A “query” refers to text that is used as input to a machine learning model that instructs the machine learning model to produce specific content based on data maintained by the analytics service. In one example, a query is obtained from the user and a prompt to the machine learning model is generated based on the query. In other examples, the query is provided directly to the machine learning model as the prompt.
The term “content” is used herein to refer to content generated by a machine learning model in response to a query and/or prompt. For example, content can include summaries, graphs, charts, visualizations, and/or other information displayed in a user interface to aid the user in determining insights. The content, for example, includes information generated by a machine learning model based on a prompt and/or other input to the machine learning model.
In modern cloud computing environments, users often rely on analytics services to collect and analyze large amounts of data collected from various data streams and services. Such analytics services can provide insight about customers, products, web-site traffic, or trends based on analyzed data. Users, in particular, use analytics services to conduct analytics sessions on user data (e.g., user clickstream data) while attempting to gain insight into a customer's activity and purchasing behavior. A vast amount of data can be gathered that relates to customers and web traffic of a business (e.g., search trends, product sales, marketing, etc.). Such data can relate to a wide variety of web traffic behaviors.

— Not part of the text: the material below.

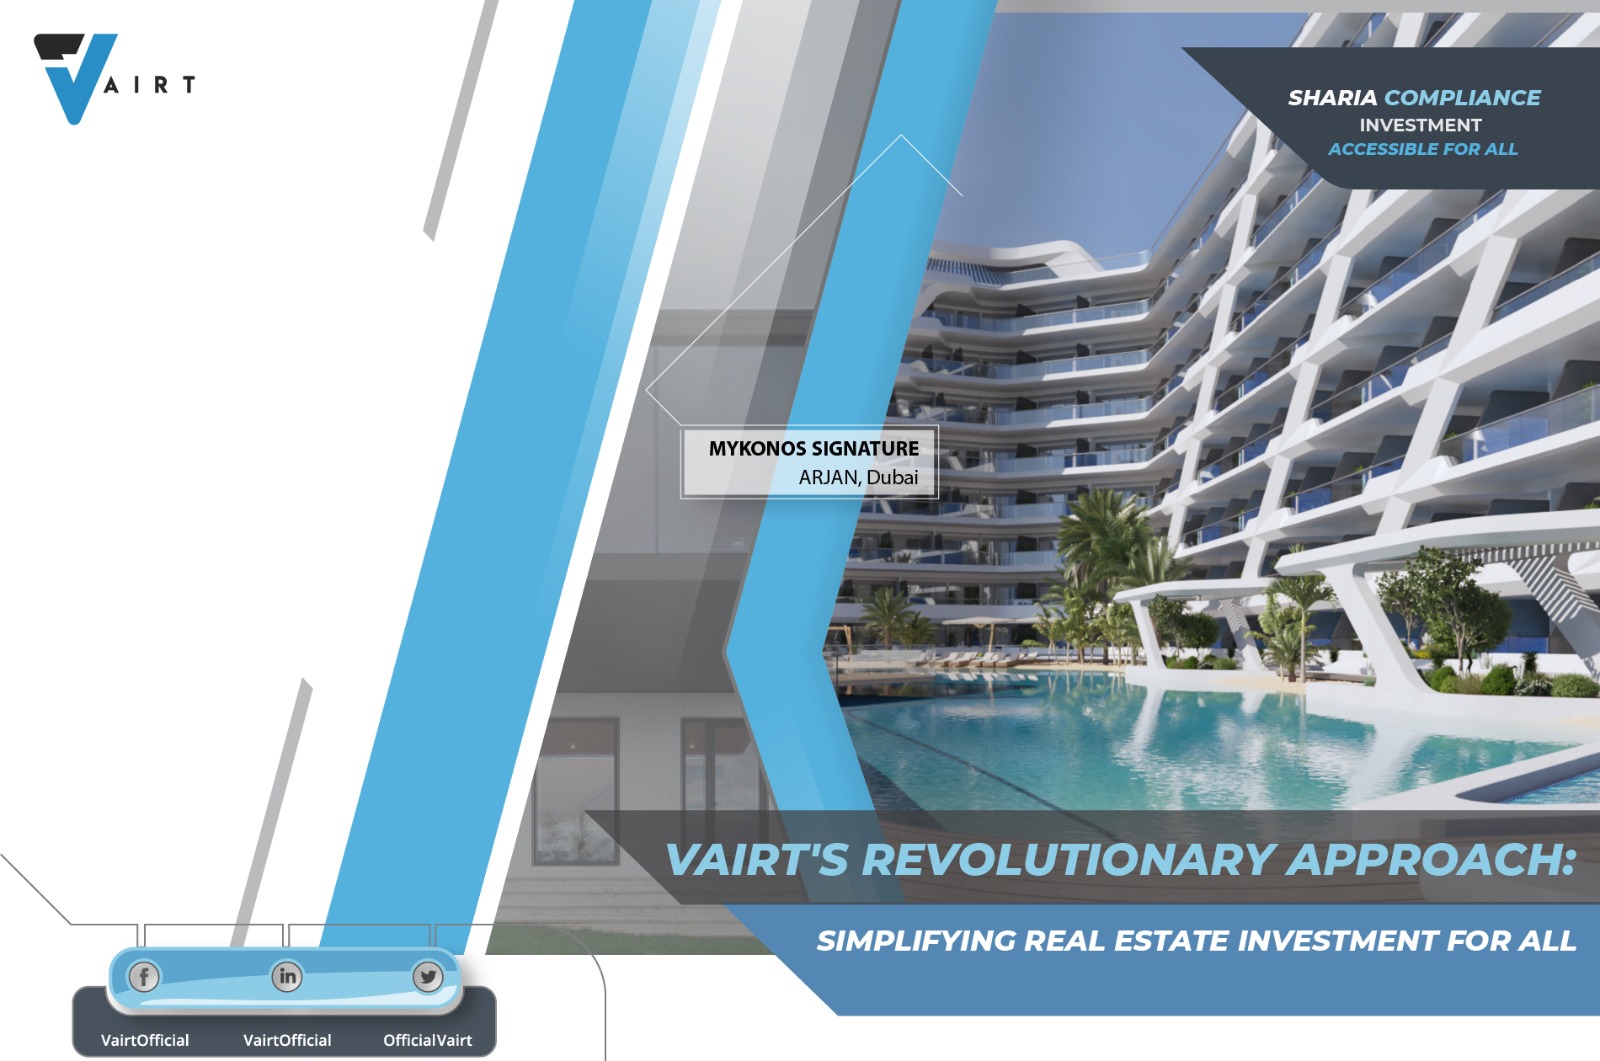 Vairt's Revolutionary Approach: Simplifying Real Estate Investment for All

Analytics services are typically employed to process the vast amount of data to assist in decision-making (e.g., targeted marketing campaigns). Often, analytics systems attempt to analyze and understand how customers interact with a webpage (e.g., number of webpage visits, which kind of device a customer uses to interact with a company webpage when purchasing a product, whether a webpage visit leads to product conversion, etc.). A wide variety of insights into interactions with a webpage are of interest to a business (e.g., customer web traffic, sales in response to marketing campaign, types of devices completing sales, etc.).
There has been growth in the use of analytics services because of the increase in data gathered from different data domains. Existing analytics services provide numerous tools and capabilities to a user (e.g., data analyst) so that they can generate and visualize insights of interest from the observed data. For example, analysts using data-centric software need to make several selections within an analytics application to achieve certain objectives, gather insights from the data and take downstream decisions. Considering the sheer volume of data to be analyzed, there is now a demand on systems to query, analyze, and draw inferences while limiting any delay in accessing the data or performing processing operations. However, the high complexity and large number of commands and capabilities in analytics systems can be a drawback to an analyst that only needs a subset of these actions to perform an intended analysis objective or a novice analyst in need of guidance as to productive analysis.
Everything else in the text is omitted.